G'day guys, first of all, allow me to introduce myself, my name is Erik and live down under. My girlfriend bought me a home brewing kit for my birthday which I was very excited about!

This last saturday I went and followed all the instructions according to the product I bought ( and found myself pitching the yeast at 10:30pm. When I woke up the next morning I went to see if the airlock had started bubbling and unfortunately no action. Unfortunately the hydrometer didn't make it home in one piece from the shop to my place, so couldn't actually measure whether fermentation had started. Of course, shops were closed on Sunday so couldn't go out and buy one either!
Anyway, to make a long story short I went and bought one today and measured the gravity and it was inconclusive. The brew itself smealt pretty much the same as on Saturday night.
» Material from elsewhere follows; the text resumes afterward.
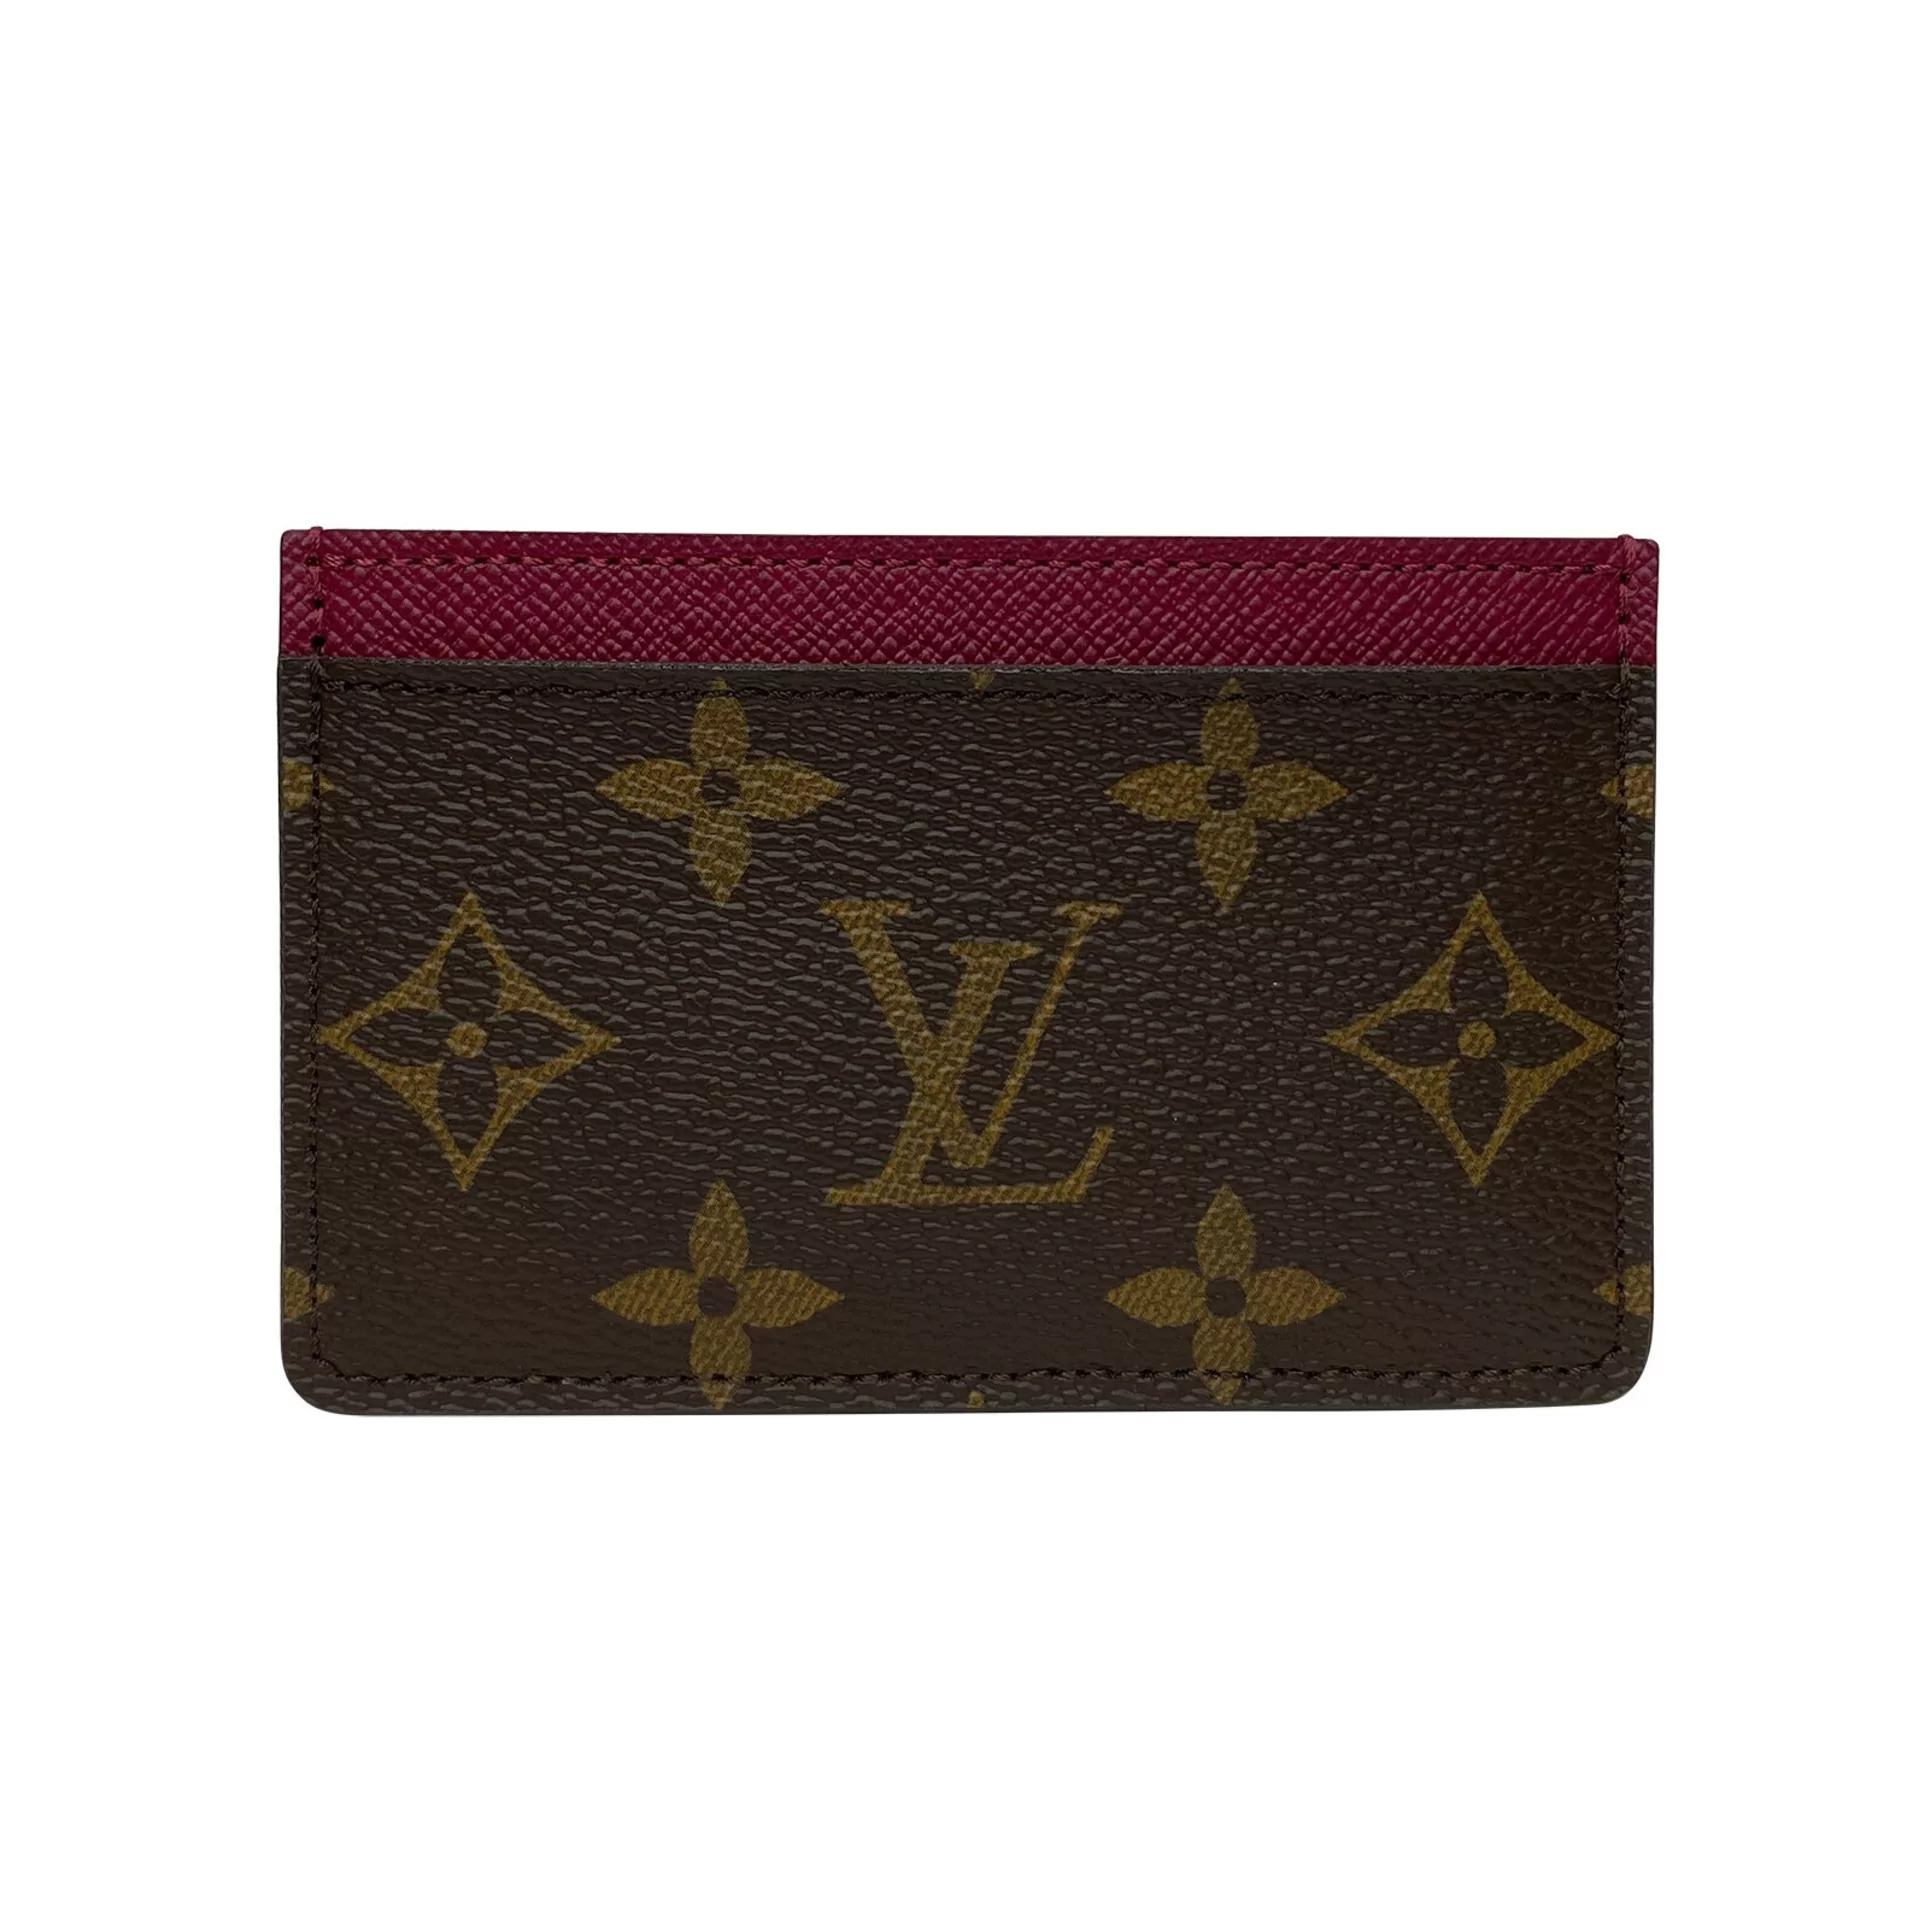 Porta-Cartão Louis Vuitton

So, I decided to open the brewing kit and re-pitch some more yeast (so approx 42 hours after first pitch).

Few questions:
1: Now that I've opened my carboy, I obviously risked infection. How will I be able to tell whether my brew is infected?
2: If there are still no signs of bubbles in the airlock tomorrow, is that pretty much the end of it?
3: How do you properly read the hydrometer? Mine seemed to be floating around the 1.6 mark, which doesnt make any sense to me.

Thanks for your help guys!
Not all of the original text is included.